Hello, Any news on the subject? Would you advise in the meantime to discard the LTO (with the -fno-lto option) on the compilation unit containing the failing code? The bug occurred for us when returning a structure of four doubles. Do you have any indication of when the bug might appear to help us track other occurrences? Thanks for helping!
(In reply to emilie.feral from comment #7) > Hello, > Any news on the subject? > Would you advise in the meantime to discard the LTO (with the -fno-lto > option) on the compilation unit containing the failing code? > The bug occurred for us when returning a structure of four doubles. Do you > have any indication of when the bug might appear to help us track other > occurrences? > Thanks for helping! Sorry, I haven't had time to work on this yet.
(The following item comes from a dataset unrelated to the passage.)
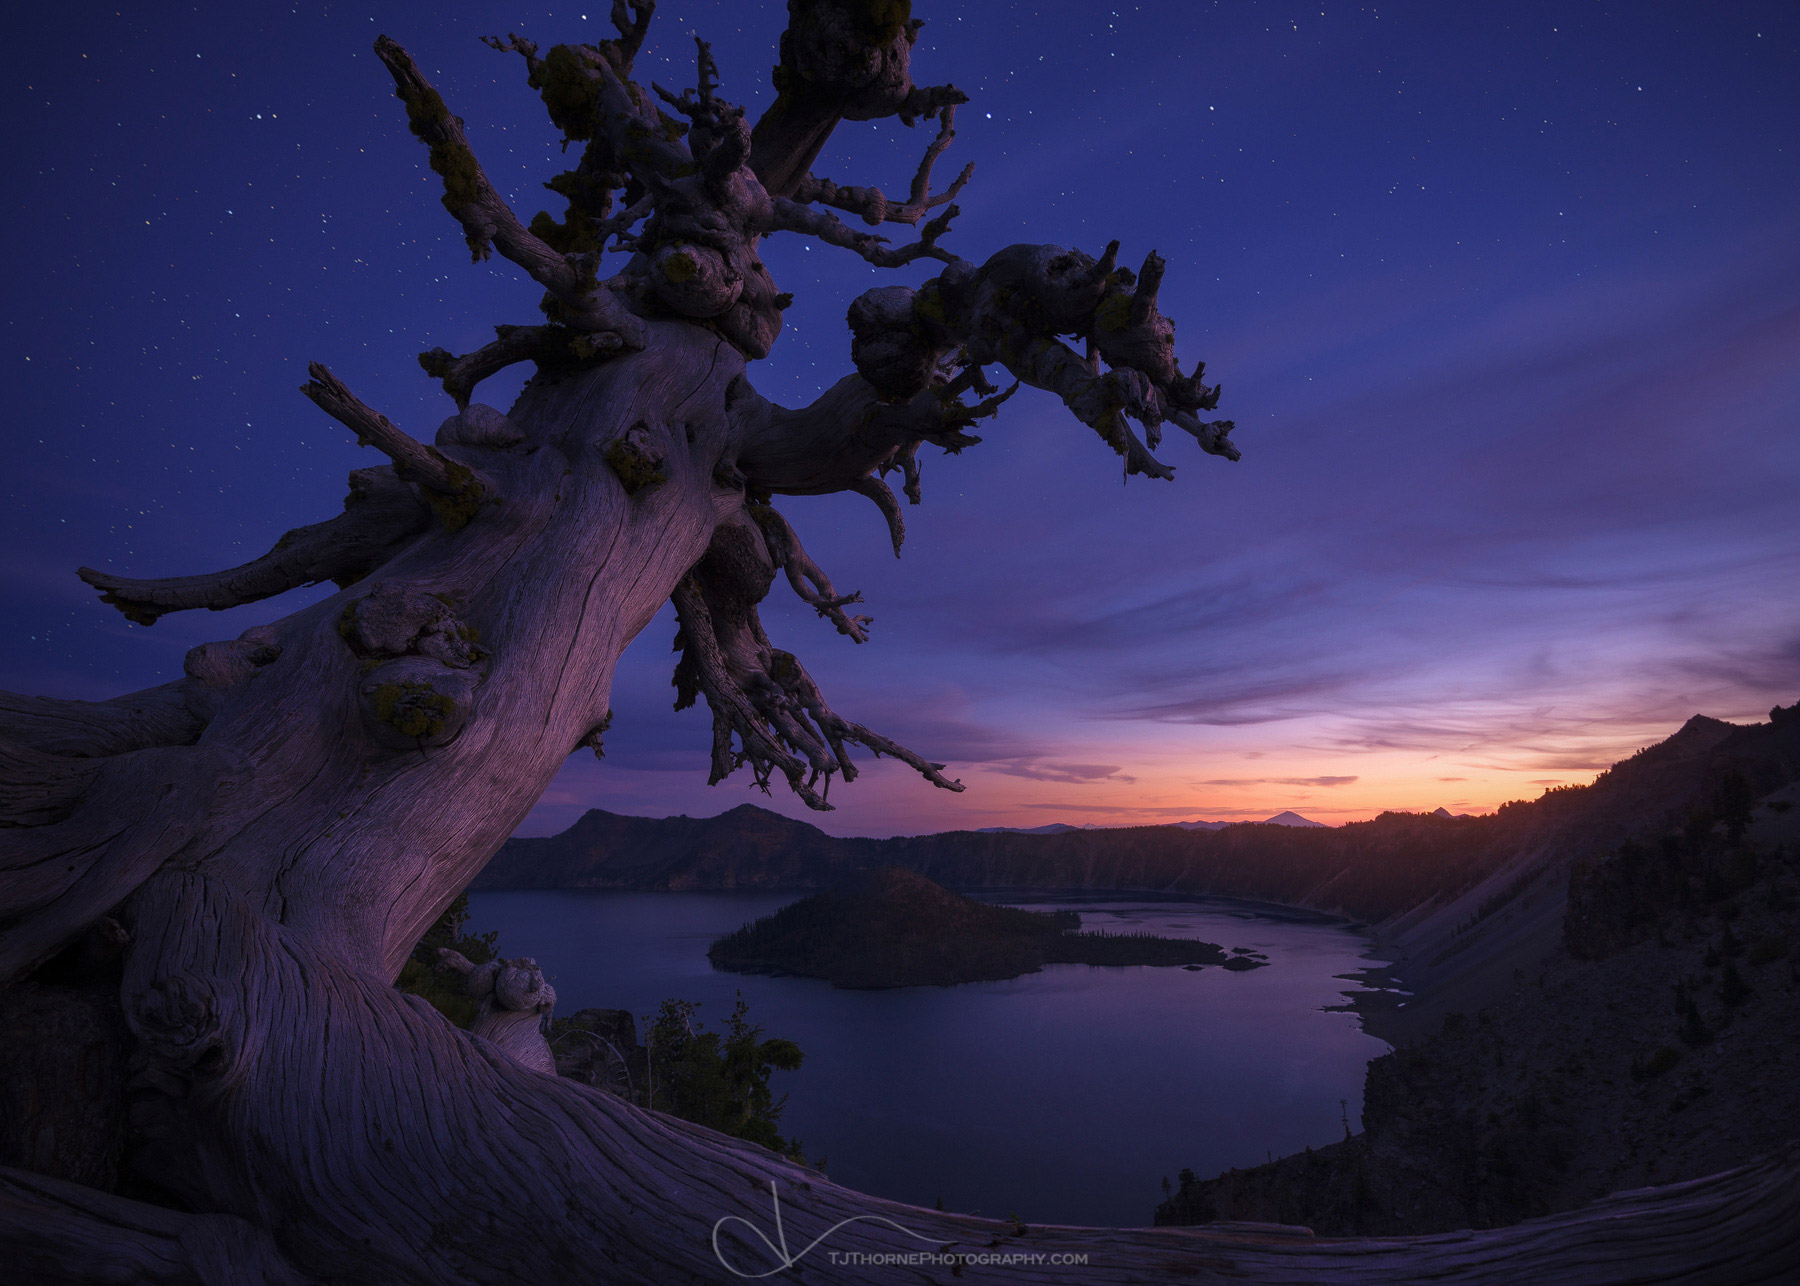 A whitebark pine overlooks Crater Lake under a starry twilight sky. This is the second image from my two week long artist-in-...

The safest work-around for now is to add an additional attribute to force the PCS to the default for the selected ABI - I think adding pcs("aapcs-vfp") to the attributes will solve the problem. ie. AtLeast32BytesObject __attribute__((noinline, pcs("aapcs-vfp"))) CalledFunction() { AtLeast32BytesObject result = {1.1, 2.2, 3.3, 4.4}; return result; }
Is there any update on this? I need to turn on LTO to keep the code size of a large application within the flash memory space of the target ARM Cortex M4F processor; but by the sound of it, doing so will be unsafe.
The master branch has been updated by Richard Earnshaw <rearnsha@gcc.gnu.org>: https://gcc.gnu.org/g:1dca4ca1bf2f1b05537a1052e373d8b0ff11e53c commit r12-7894-g1dca4ca1bf2f1b05537a1052e373d8b0ff11e53c Author: Richard Earnshaw <rearnsha@arm.com> Date: Tue Mar 29 16:59:37 2022 +0100 arm: temporarily disable 'local' pcs selection (PR96882) The arm port has an optimization used during selection of the function's ABI to permit deviation from the strict ABI when the function does not escape the current translation unit. Unfortunately, the ABI selection it makes can be unsafe if it changes how a result is returned because not enough information is available via the RETURN_IN_MEMORY hook to determine where the function gets used. This can result in some parts of the compiler thinking a value is returned in memory while others think it is returned in registers. To mitigate this, this patch temporarily disables the optimization and falls back to using the default ABI for the translation. gcc/ChangeLog: PR target/96882 * config/arm/arm.cc (arm_get_pcs_model): Disable selection of ARM_PCS_AAPCS_LOCAL.
As the master branch was updated a year ago according to comment 10, does this mean that there is now a stable release of gcc that incudes the patch?